In connection with the proposed transaction, Abacus Innovations Corporation, a wholly-owned subsidiary of Lockheed Martin created for the Transaction (“Spinco”), will file with the SEC a registration statement on Form S-4/S-1 containing a prospectus and Leidos will file with the SEC a proxy statement on Schedule 14A and a registration statement on Form S-4 containing a prospectus. INVESTORS AND SECURITY HOLDERS ARE ADVISED TO READ THE REGISTRATION STATEMENTS/PROSPECTUSES AND PROXY STATEMENT WHEN THEY BECOME AVAILABLE, BECAUSE THEY WILL CONTAIN IMPORTANT INFORMATION ABOUT THE PARTIES AND THE PROPOSED TRANSACTION. Investors and security holders may obtain a free copy of the prospectuses and proxy statement (when available) and other documents filed with the SEC by Lockheed Martin, Spinco and Leidos at the SEC’s web site at http://www.sec.gov. Free copies of these documents, once available, and each of the companies’ other filings with the SEC, may also be obtained from Leidos’ web site at http://www.Leidos.com.

This communication is not a solicitation of a proxy from any investor or security holder.
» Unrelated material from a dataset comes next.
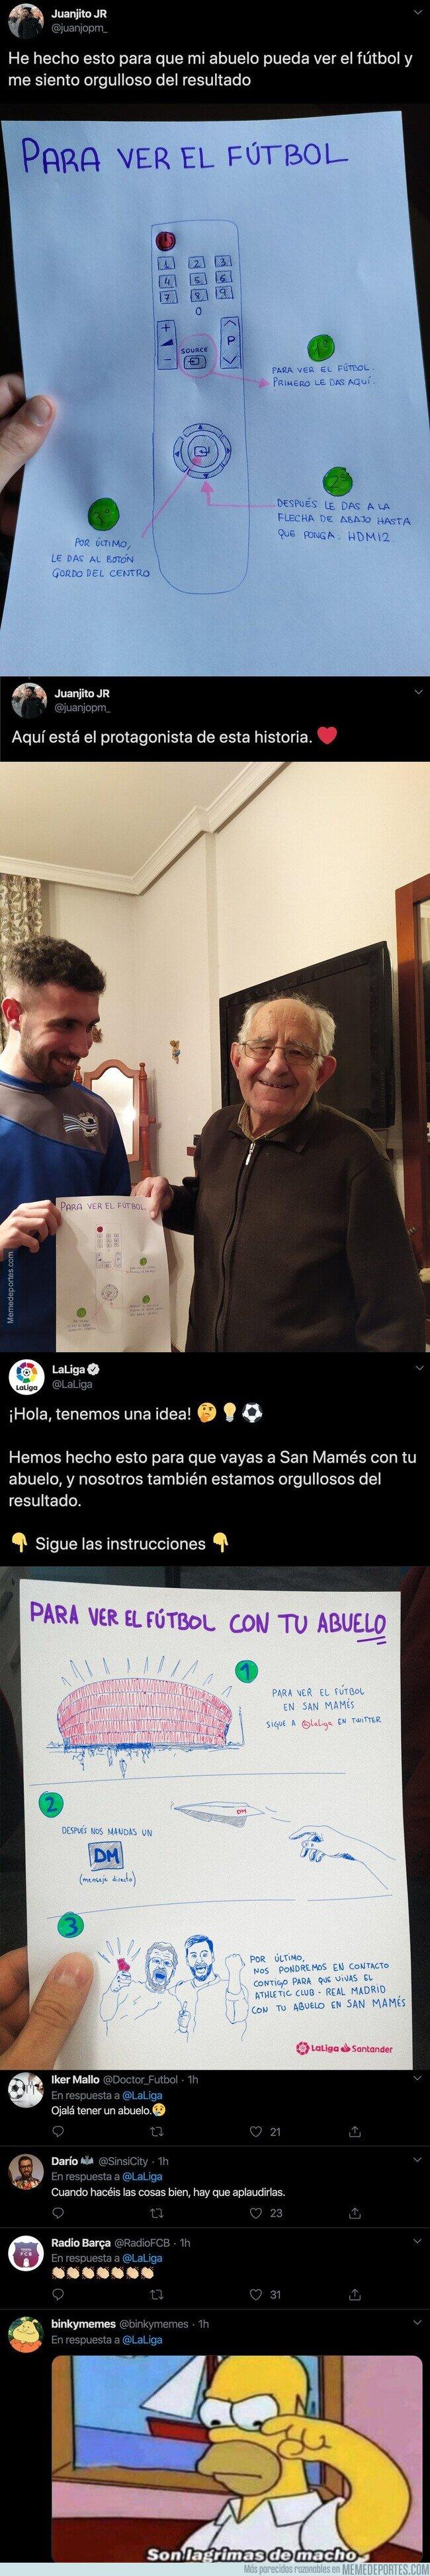 1098833 - El precioso gesto de LaLiga con este chico y su abuelo que le dibujó un mando para que pudiese ver el fútbol en la televisión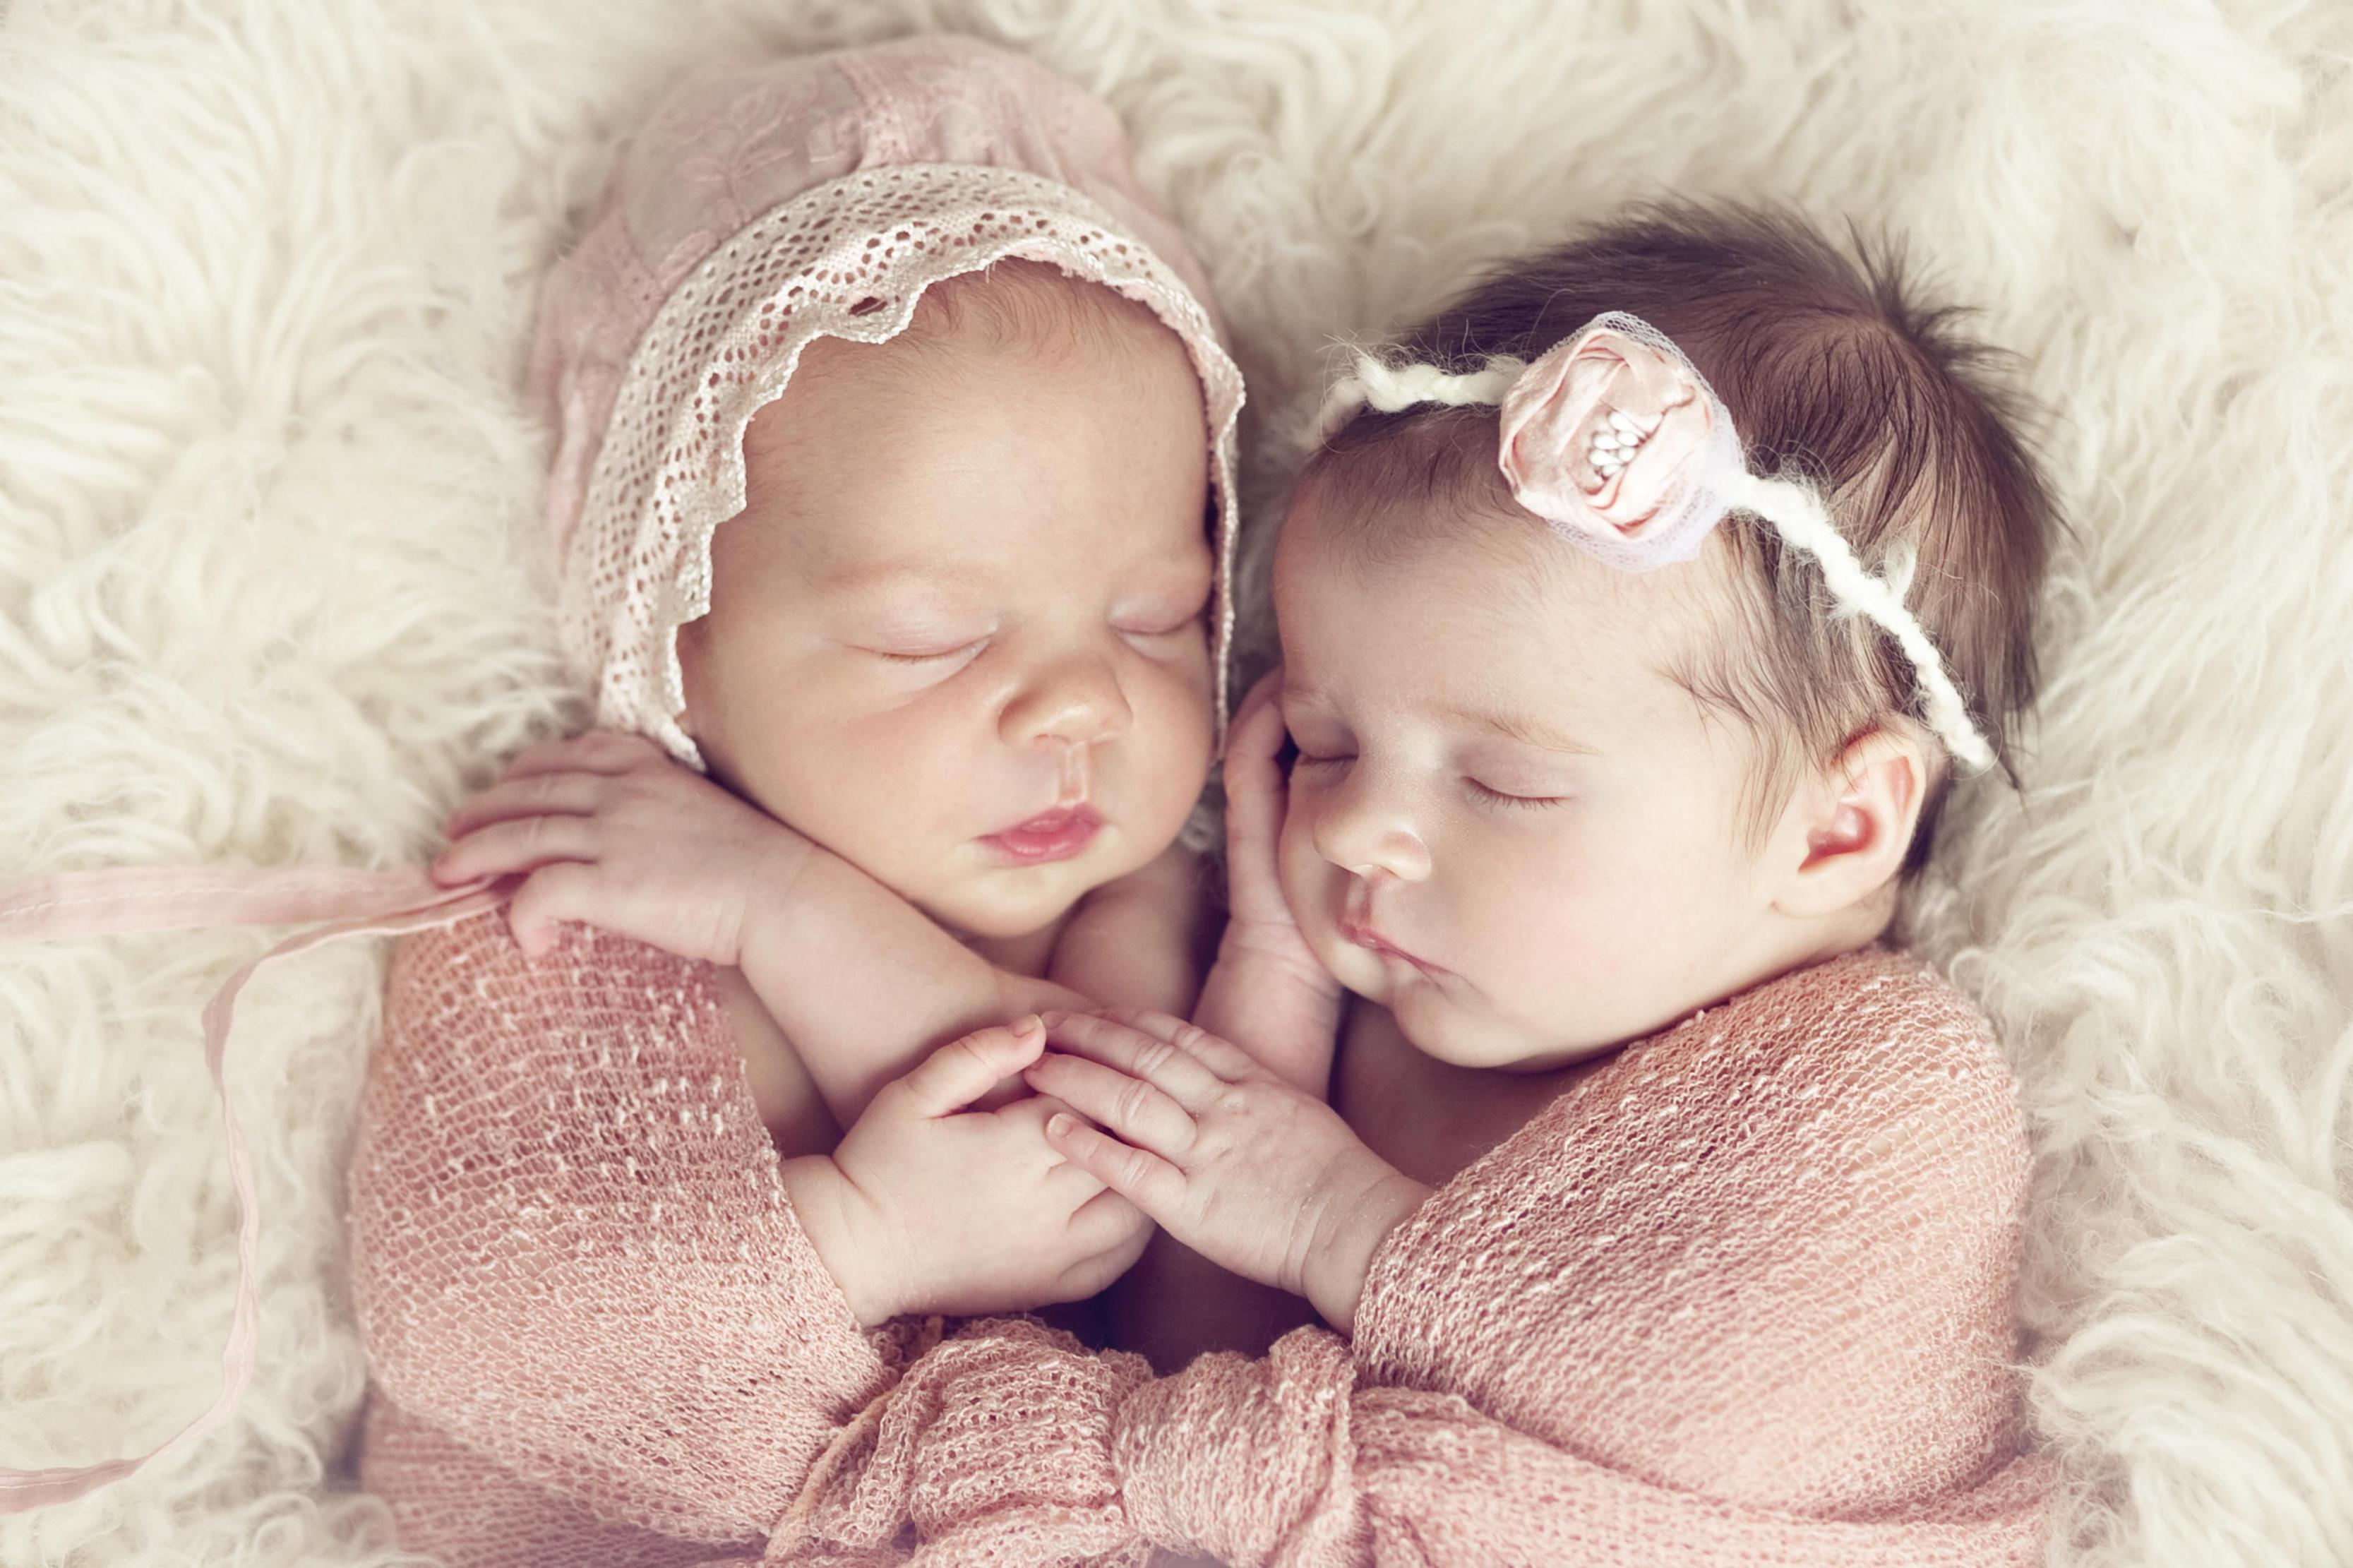 بالصور صو ر بنات جميله اطفال , صور اجمل بنات في العالم كله 11607 3

However, Leidos, Lockheed Martin, and certain of their respective directors, executive officers and other members of management and employees, may be deemed to be participants in the solicitation of proxies from stockholders of Leidos in respect of the proposed transaction under the rules of the SEC. Information regarding Leidos’ directors and executive officers is available in Leidos’ 2014 Annual Report on Form 10-K filed with the SEC on March 25, 2015, and in its definitive proxy statement for its annual meeting of stockholders filed on April 17, 2015. Information regarding Lockheed Martin’s directors and executive officers is available in Lockheed Martin’s 2014 Annual Report on Form 10-K filed with the SEC on February 9, 2015, and in its definitive proxy statement for its annual meeting of stockholders filed on March 13, 2015. These documents can be obtained free of charge from the sources indicated above. Other information regarding the participants in the proxy solicitation and a description of their direct and indirect interests, by security holdings or otherwise, will be contained in the registration statements, prospectuses and proxy statement and other relevant materials to be filed with the SEC when they become available.

This communication shall not constitute an offer to sell or the solicitation of an offer to sell or the solicitation of an offer to buy any securities, nor shall there be any sale of



securities in any jurisdiction in which such offer, solicitation or sale would be unlawful prior to registration or qualification under the securities laws of any such jurisdiction. No offer of securities shall be made except by means of a prospectus meeting the requirements of Section 10 of the Securities Act of 1933, as amended.